Young Batavia equestrian wins her division as Grand Champion in Dressage at State Fair

By Billie Owens

Photo and rider information submitted by reader Nancy Ewert.

SYRACUSE -- Katherine Ewert, 13, of Batavia, and her horse Seamus won Grand Champion for the Dressage Young Rider Division for both Training and First Level on Sunday at the New York State Fair.

This was a United States Dressage Federation Schooling Show.

Katherine has been competing in dressage for three years through Genesee County 4-H, two of them at the state level. Last year, she was Reserve Grand Champion in dressage at the NYS Fair.

The middle-schooler has been riding horses since age 10.

About Dressage

The word "dressage" is French, commonly translated to mean "training." It is a highly skilled form of horseback riding performed in exhibition and competition, as well as an "art" sometimes pursued solely for the sake of mastery. In dressage, horse and rider are expected to perform from memory a series of predetermined movements.

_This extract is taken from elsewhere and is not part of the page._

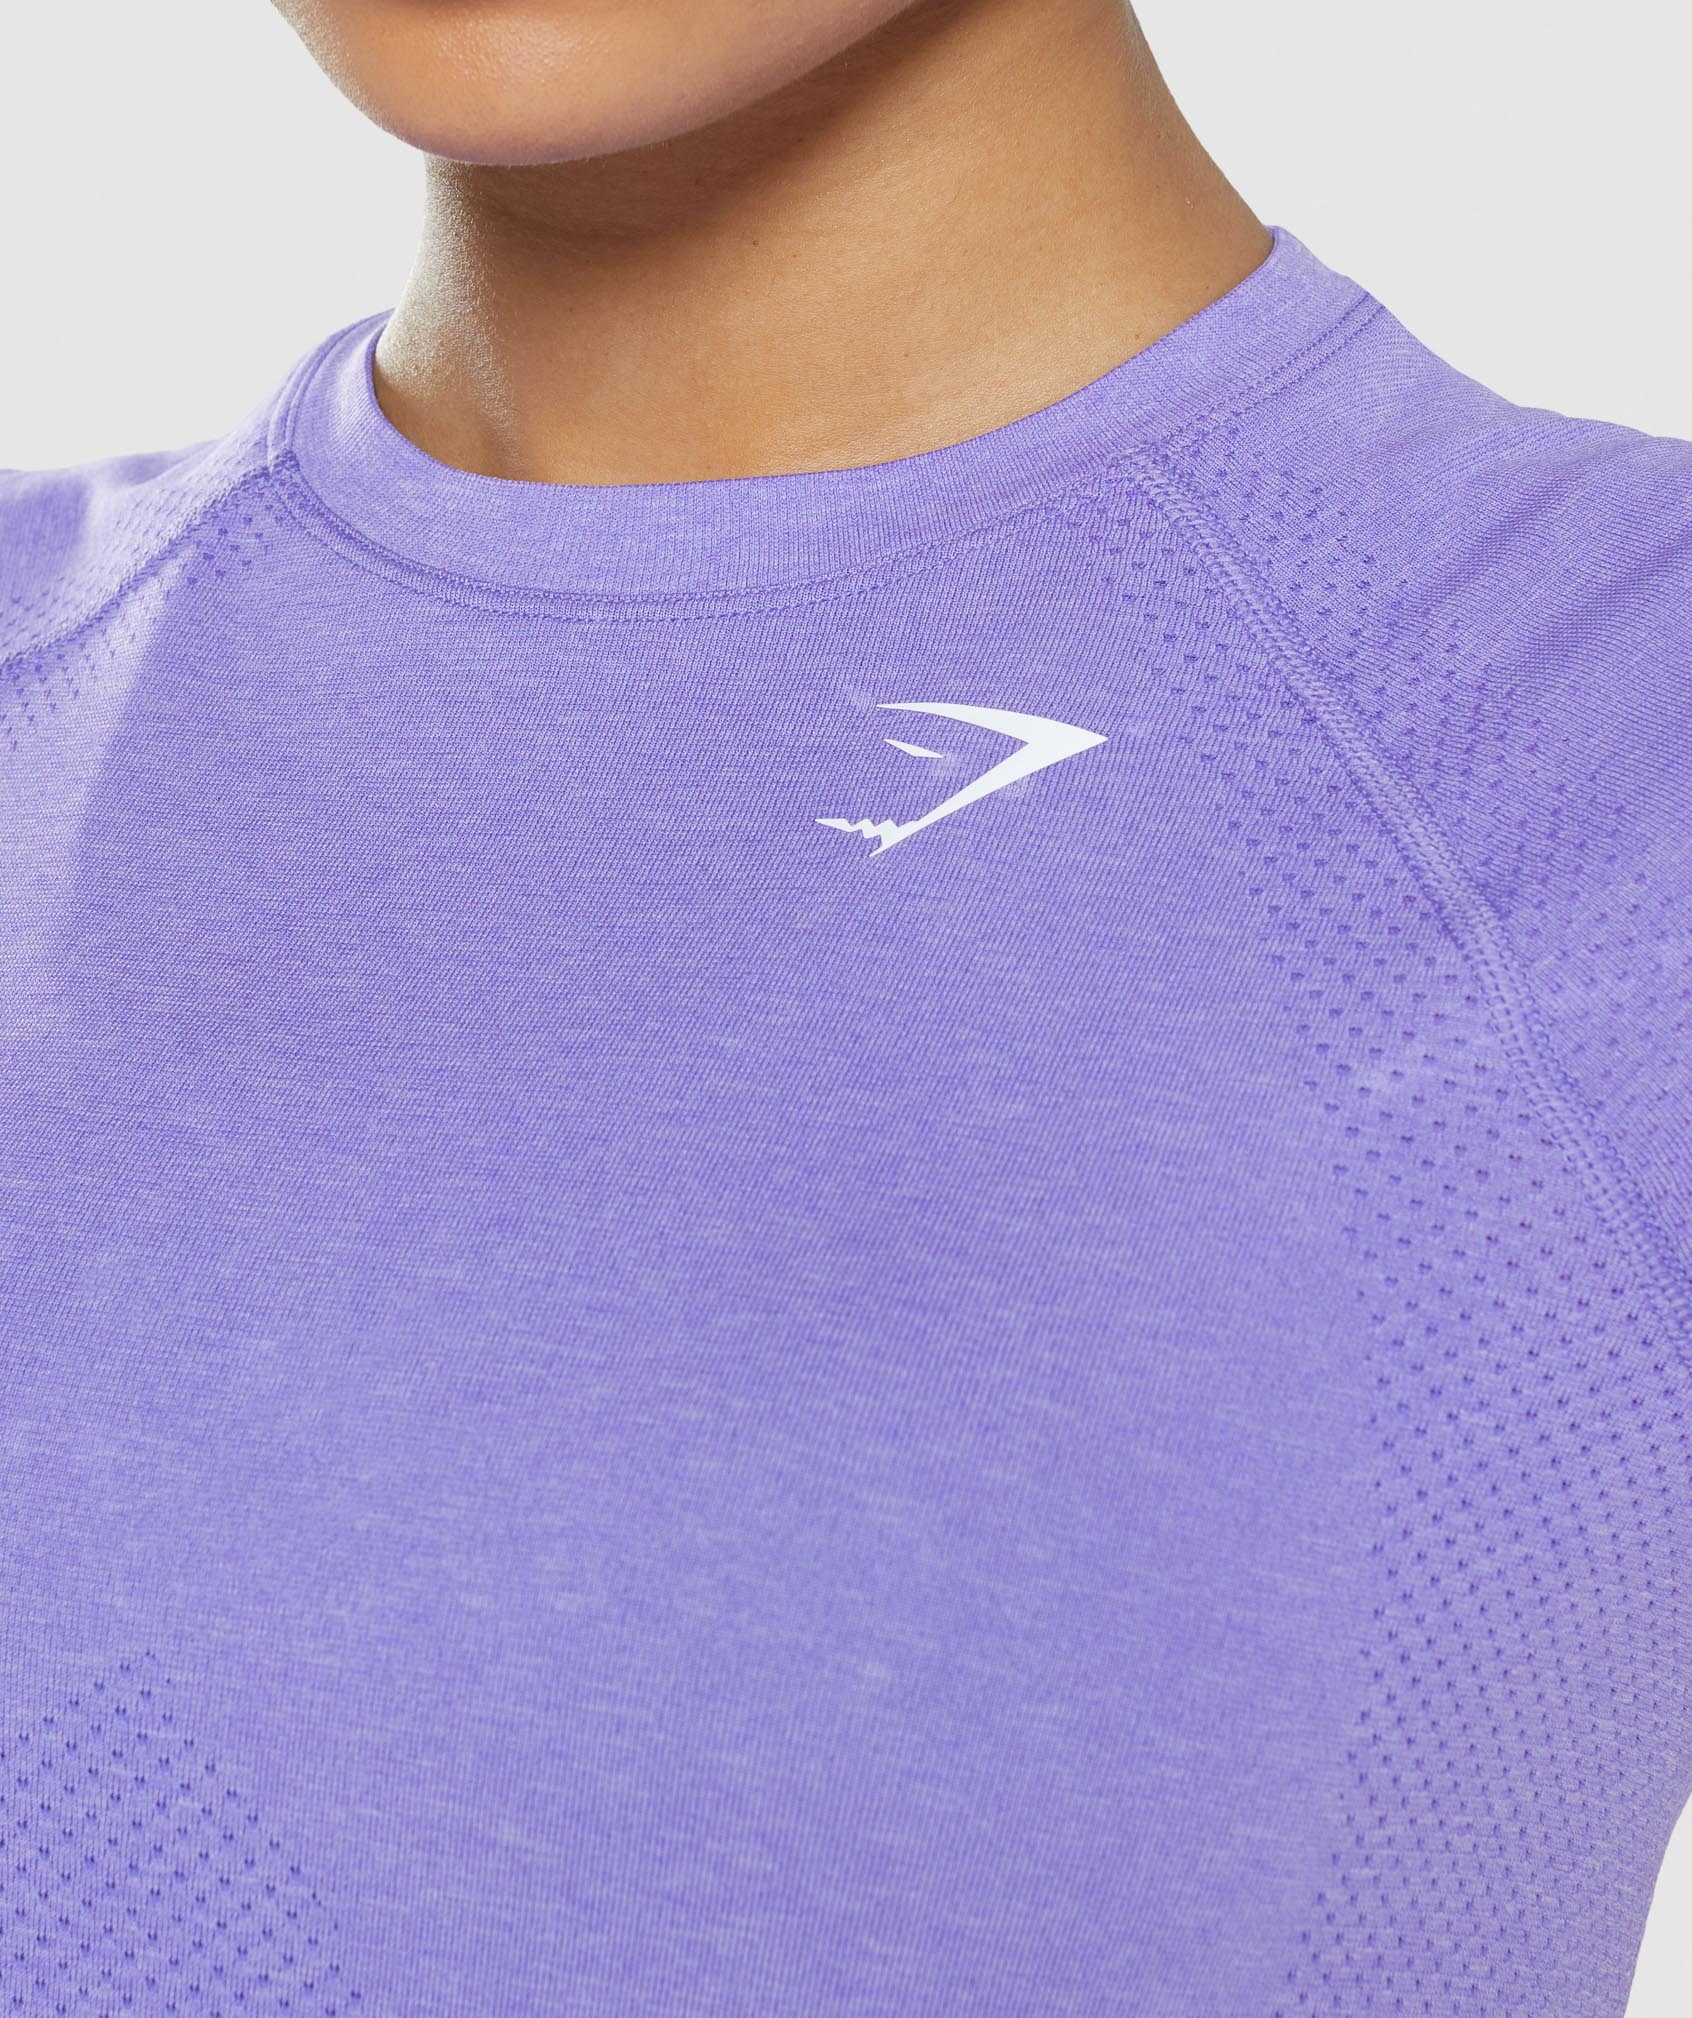 Vital Seamless 2.0 Light T-Shirt in Bright Purple Marl - view 5

At its best, the horse responds smoothly to a skilled rider's minimal aids. The rider is relaxed and appears effort-free while the horse willingly performs the requested movement.

Rules for it were first published in 1550 by Frederico Grisone, a thousand year after the first treatise "On Horsemanship" by Xenophone.

In modern dressage competition, successful training at the various levels is demonstrated through the performance of "tests" -- a prescribed series of movements ridden within a standard arena. Judges evaluate each movement on the basis of an objective standard appropriate to the level of the test and assign each movement a score from zero to 10.